The approach presented here provides a facility for controlled activation of a switch device which can preferably be used for a vehicle, even in the event of a fault and therefore in the event of impeded activatability, at least until, for example, an emergency function of the vehicle can be activated and the vehicle can therefore, for example, be transferred safely to a stationary state.
A method is presented for operating a switch device having a switch unit which has a first connection, a second connection, a control connection and a multiplicity of switches connected between the first connection and the second connection which are jointly activated or activatable by the control connection. The method comprises a step of reading a measurement signal via an interface into a measuring unit, wherein the measurement signal represents an actual parameter of the switch unit. The method further comprises a step of determining a fault state of the switch unit if the actual parameter is in a predetermined relationship with a predefined target parameter, and a step of providing a fault protection signal in response to the determined fault state, wherein the fault protection signal is designed to activate at least one fault protection switch and thereby apply a protection signal to the control connection, by which the switches are closed or kept closed.

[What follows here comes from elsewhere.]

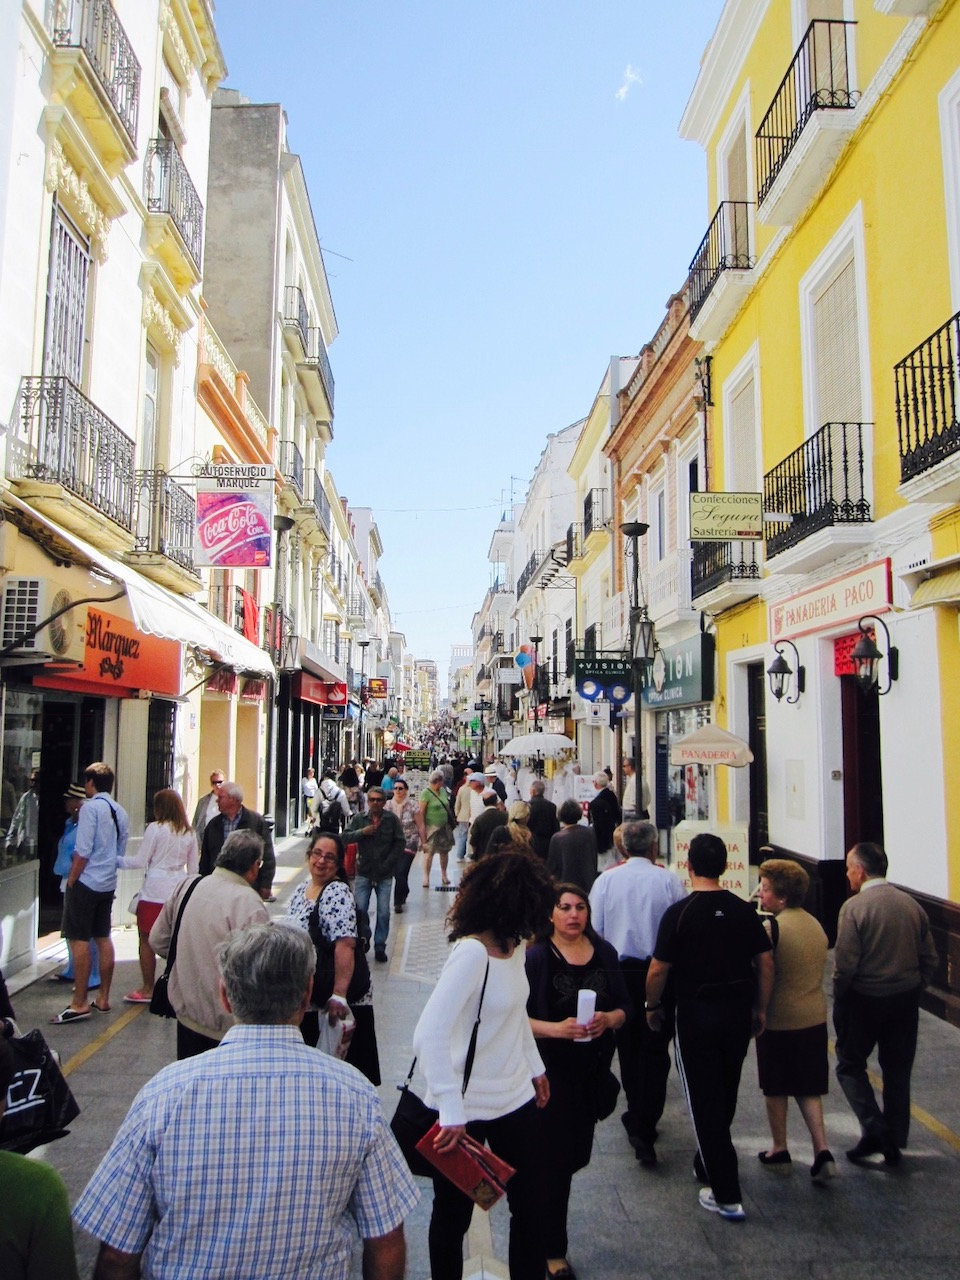 Blick in die Fußgängerzone in Ronda, Andalusien

The switch device can be implemented, for example, as part of a power converter which is used, for example, for or in a vehicle. The switch device can have, for example, the switch unit, the first connection of which, in the case where the switch is designed as a semiconductor, in particular as a MOSFET switch, can also be referred to as the drain, while the second connection can be referred to as the source and the control connection as the gate. The switch unit preferably has more than two switches which can be connected in parallel and can therefore all be activated, for example, simultaneously by the control connection. This means that the switches can advantageously respond in the same manner after being activated. The measuring unit can be implemented, for example, as a voltmeter, an ammeter or as a temperature meter which can measure a corresponding existing value as an actual parameter. The fault state determined through the use thereof can indicate, for example, a defective switch from the plurality of switches which, for example, can no longer correctly close. In order to be able to prevent overheating or overloading of the other switches and therefore a defect in further components of the switch device or even in the power converter, the further switches from the plurality of switches can advantageously be kept closed so that, for example, a current is not concentrated in the event of a fault on the single, defective switch, but can be distributed among all switches and the switch unit can function as a passive electrical conductor.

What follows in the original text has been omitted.